Once the change is approved a new workflow is triggered to initiate the promotion to the production environment:
# .github/workflows/promote-to-production.yaml
name: Promote to production
on:
pull_request:
types:
- closed
paths:
- app/environments/staging/version.yaml
permissions:
contents: write
pull-requests: write
jobs:
promote:
runs-on: ubuntu-latest
steps:
- uses: actions/checkout@v3
- run: |
# configure git client
git config --global user.email "<email address>"

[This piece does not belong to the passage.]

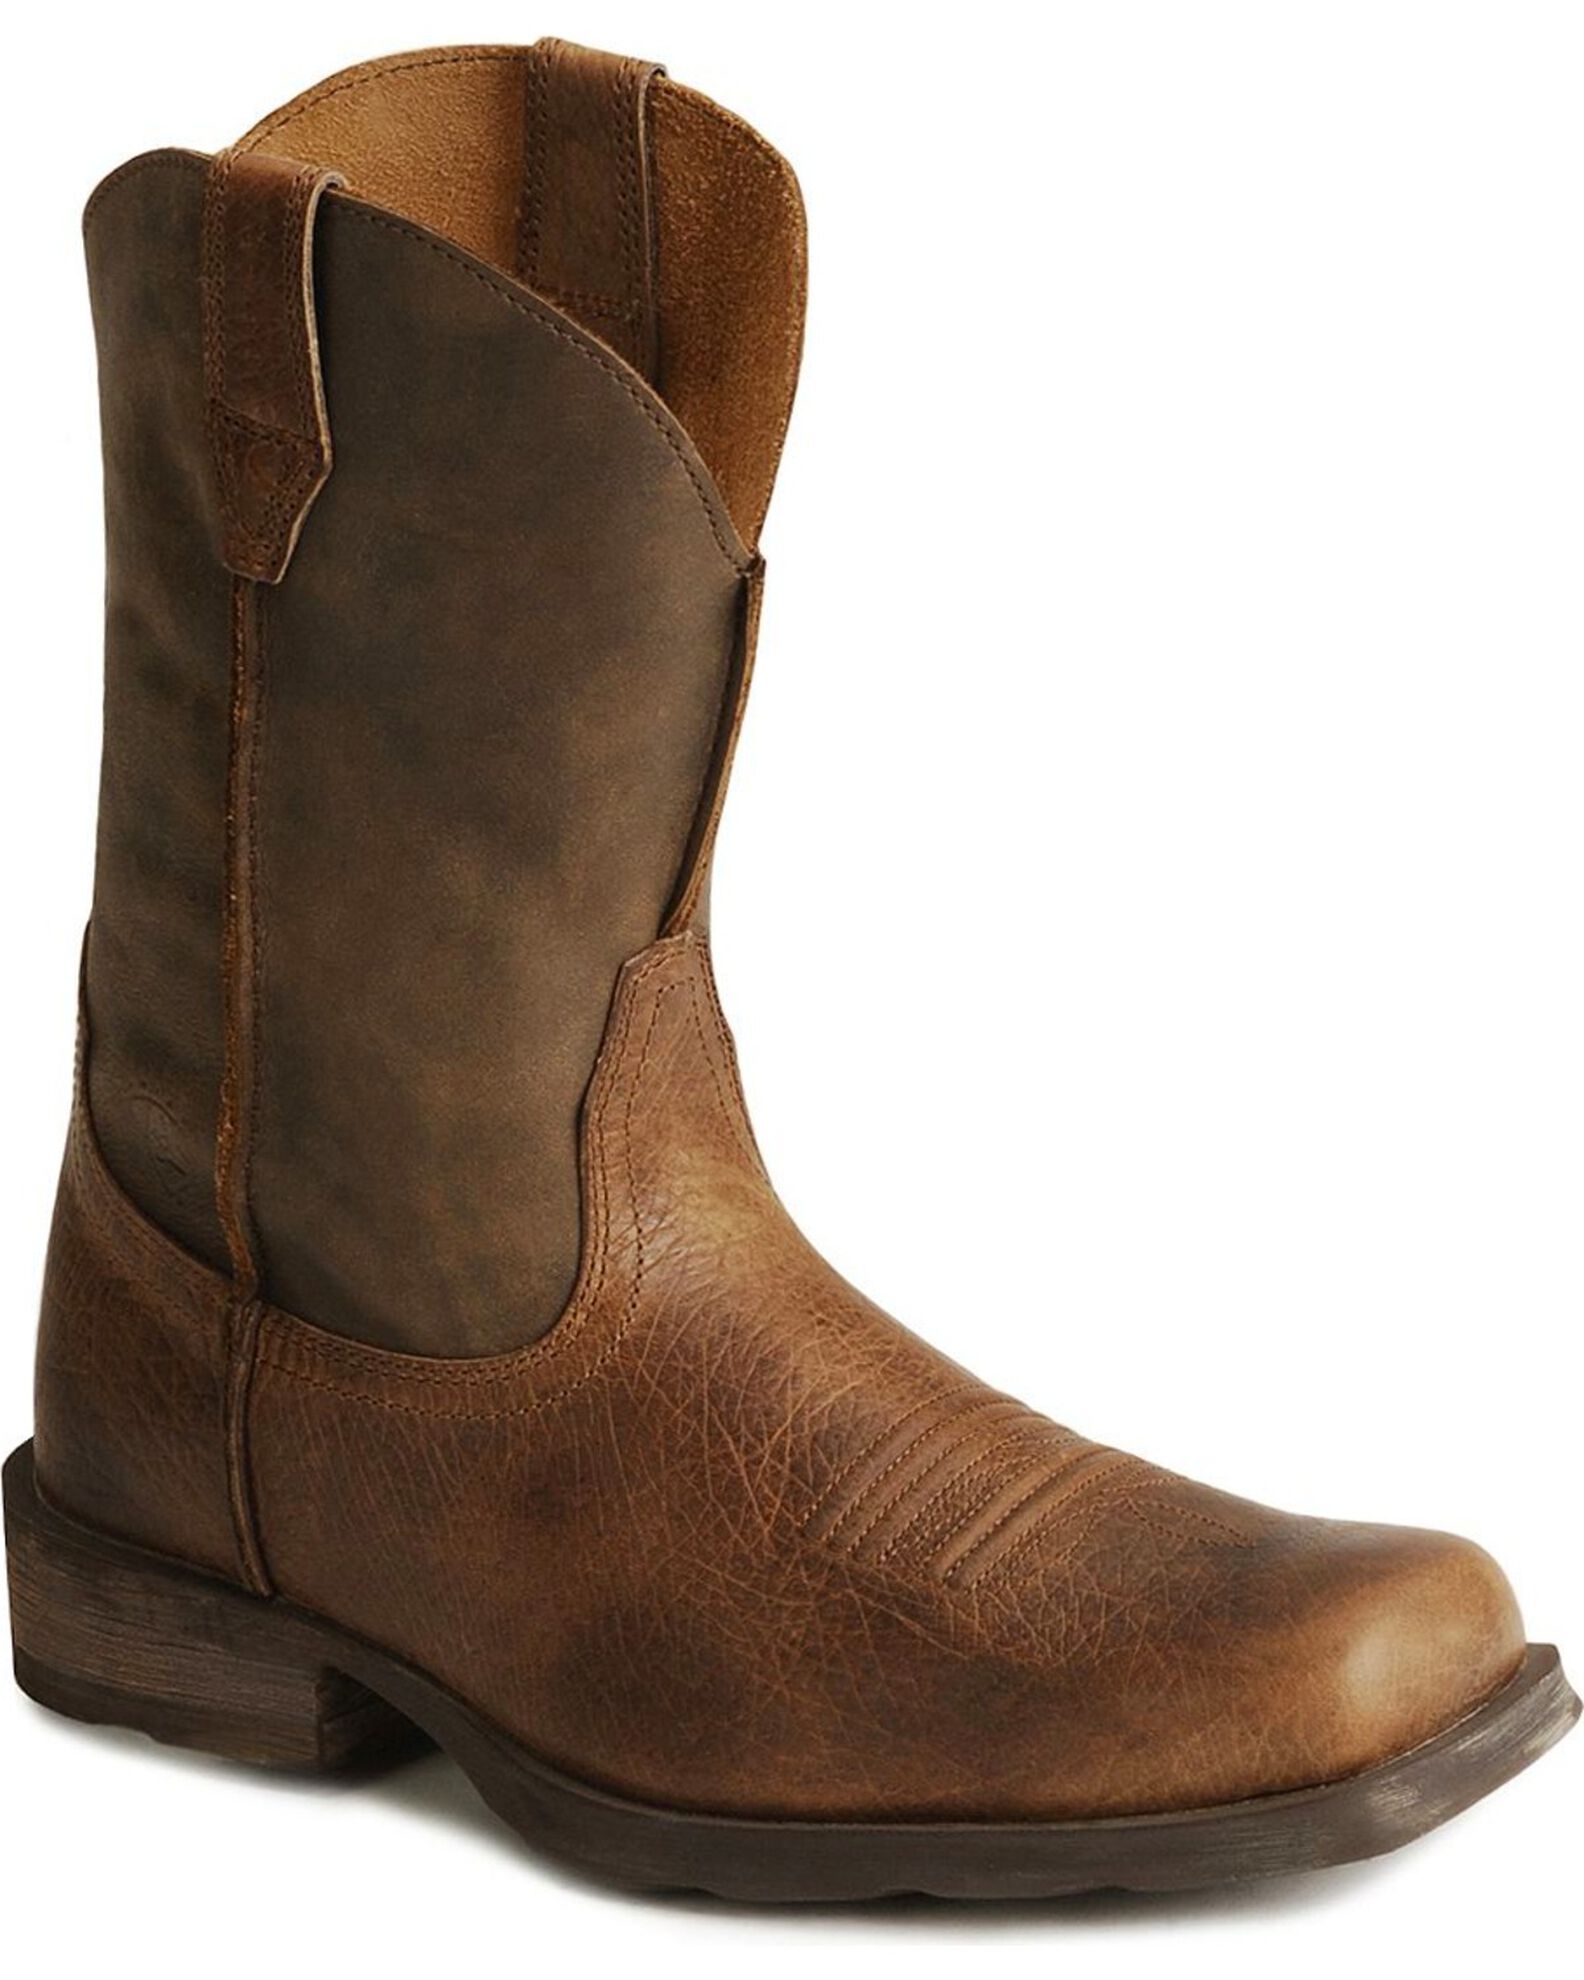 What Stores Sell Ariat Men's Boots?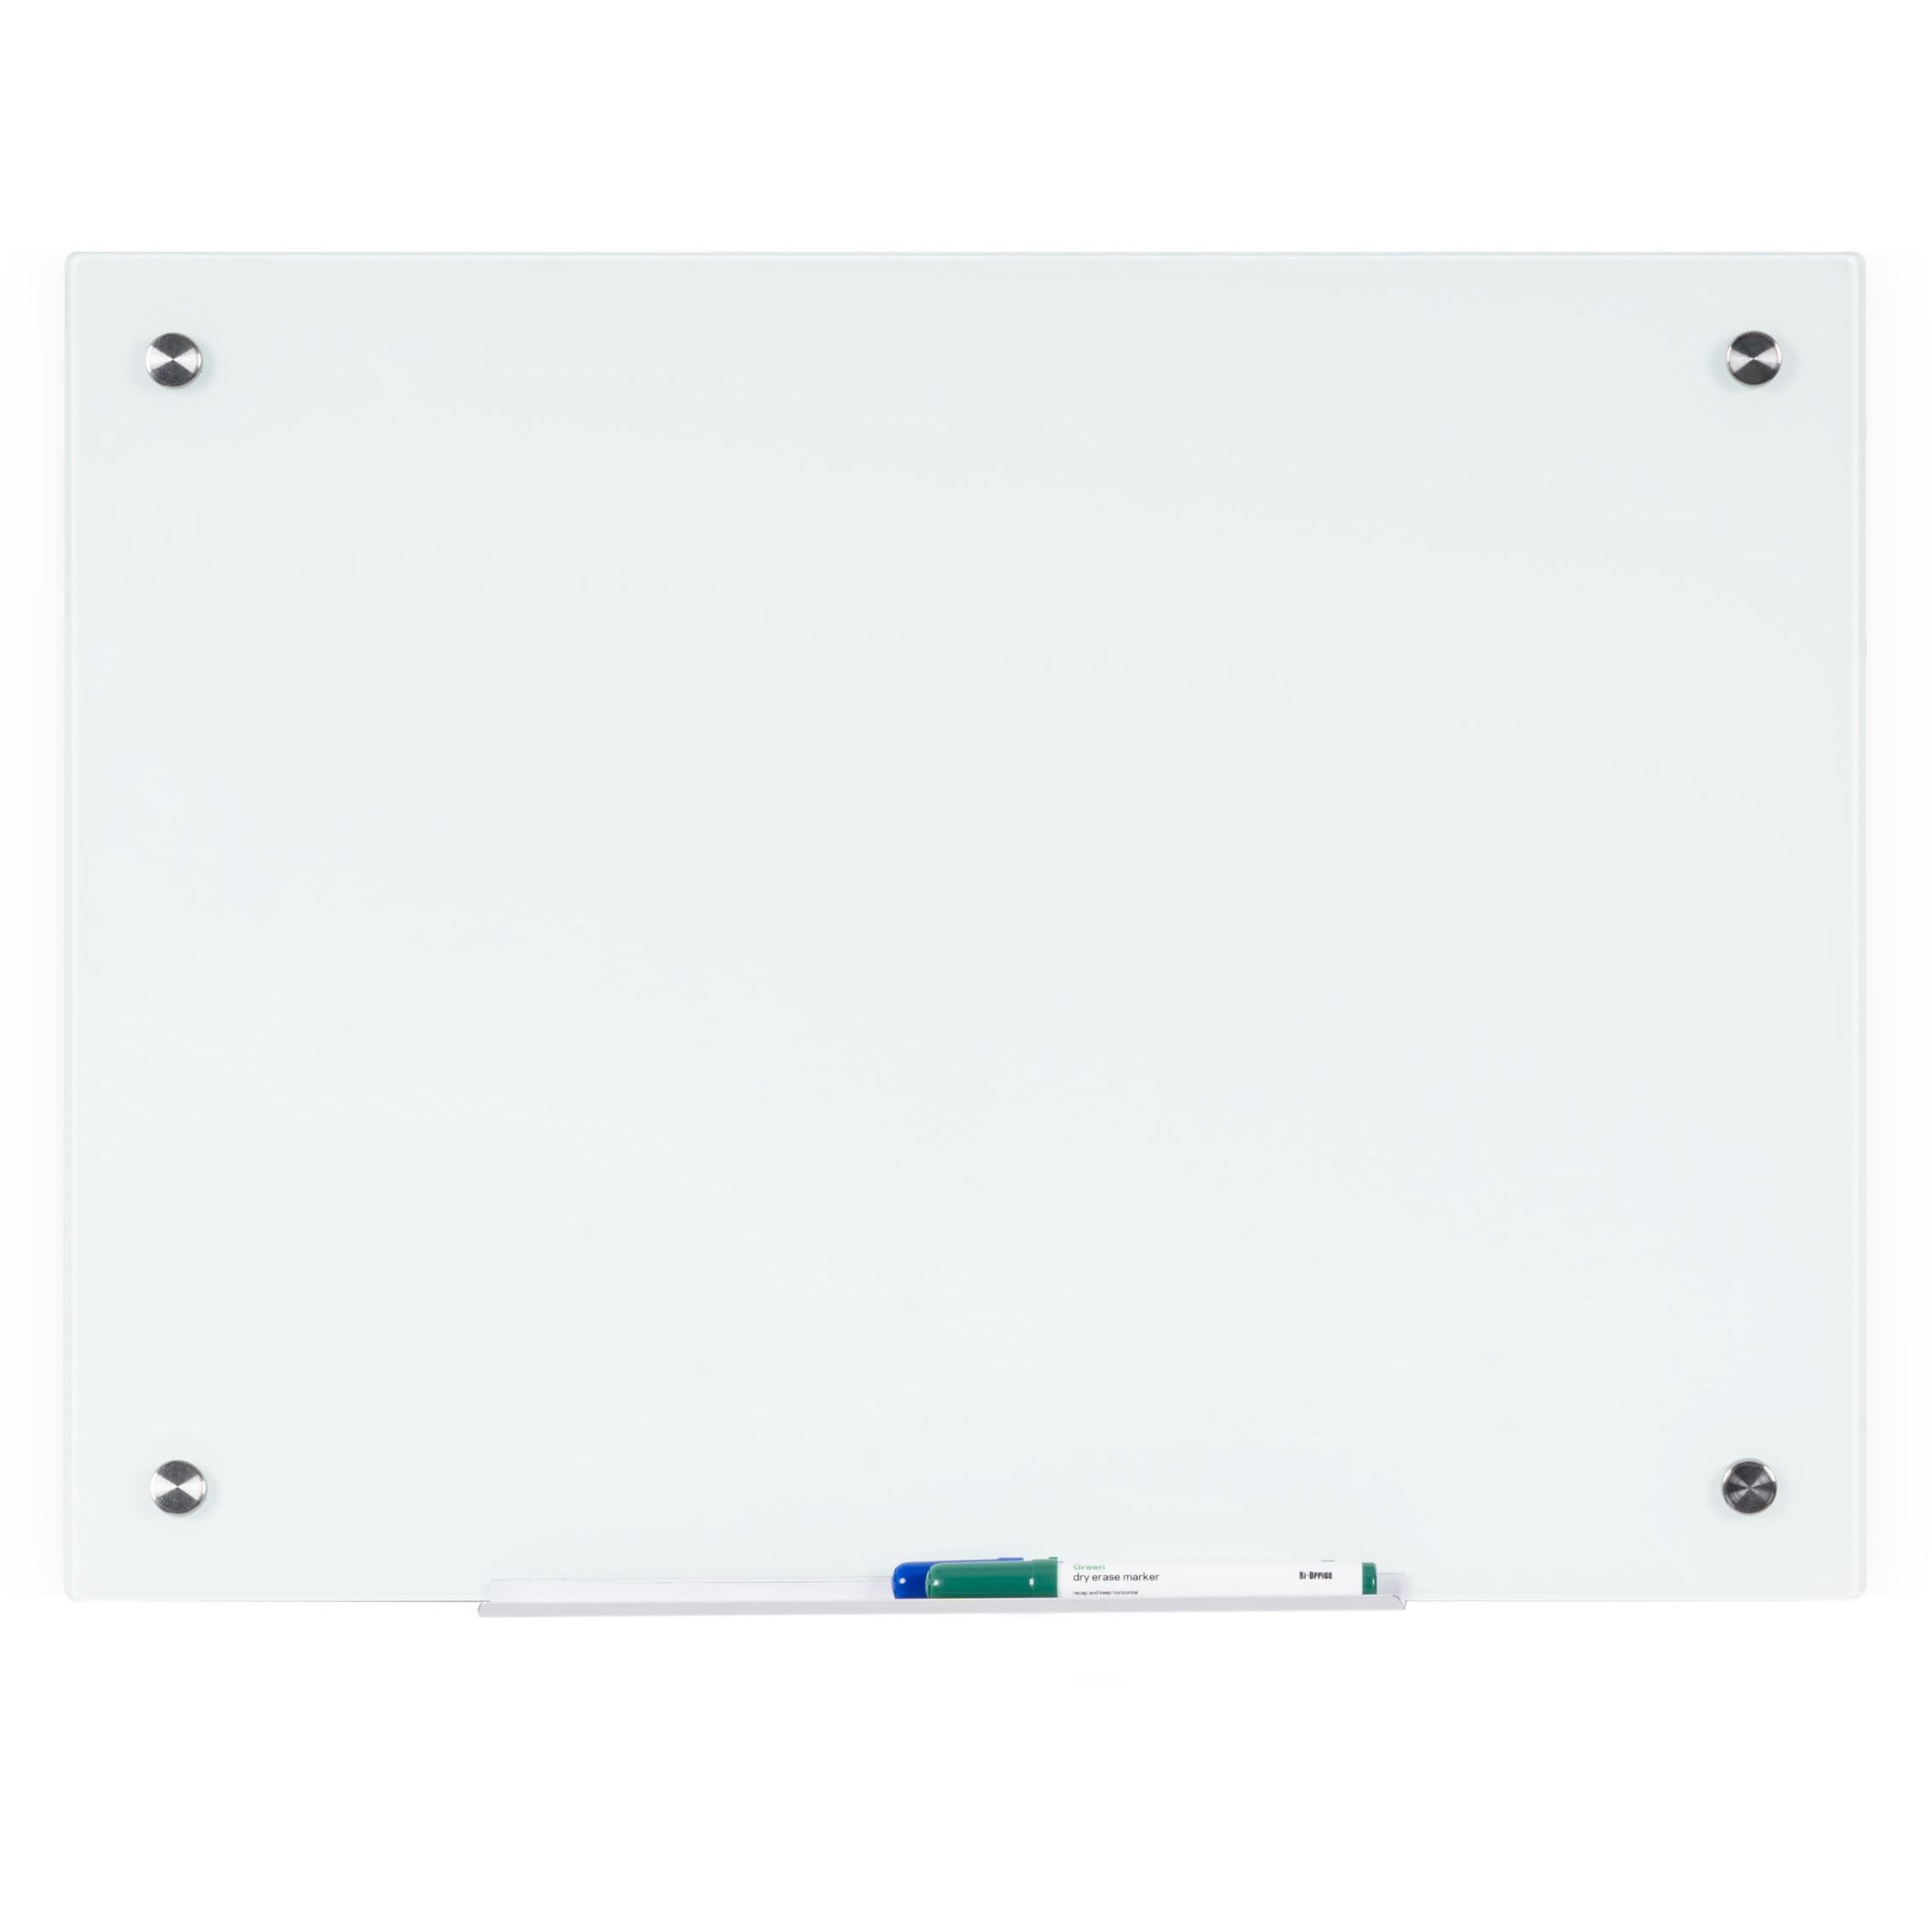 GL080107 River Magnetic Dry Erase Tempered Glass White Board, 36" x 48", Frameless Design, Wall Mount Kit Included by MasterVision

git config --global user.name "<name>"
# create a new branch
git switch -c production/${{ github.sha }}
# promote the change
cp app/environments/staging/version.yaml app/environments/production/version.yaml
# push the change to the new branch
git add app/environments/production/version.yaml
git commit -m "Promote staging to production"
git push -u origin production/${{ github.sha }}
- run: |
gh pr create \
-B main \
-H production/${{ github.sha }} \
--title "Promote staging to production" \
--body "Automatically created by GHA"
env:
GITHUB_TOKEN: ${{ secrets.GITHUB_TOKEN }}
The difference in this workflow is just the trigger2. This workflow is triggered when a pull-request has been closed where there were changes to app/environments/staging/version.yaml
.
Before we approve the merge request to promote the change to production we can run additional automation against our staging environment. When we are ready we can approve the pull-request and the change will be promoted to production.
Note that there are some additional work required to lock down how changes can be promoted. There should be some rules in place that restricts changes directly to the staging and production environments. I might continue my work on this example in future posts, because there are a lot more that could be said. For now I will leave this example!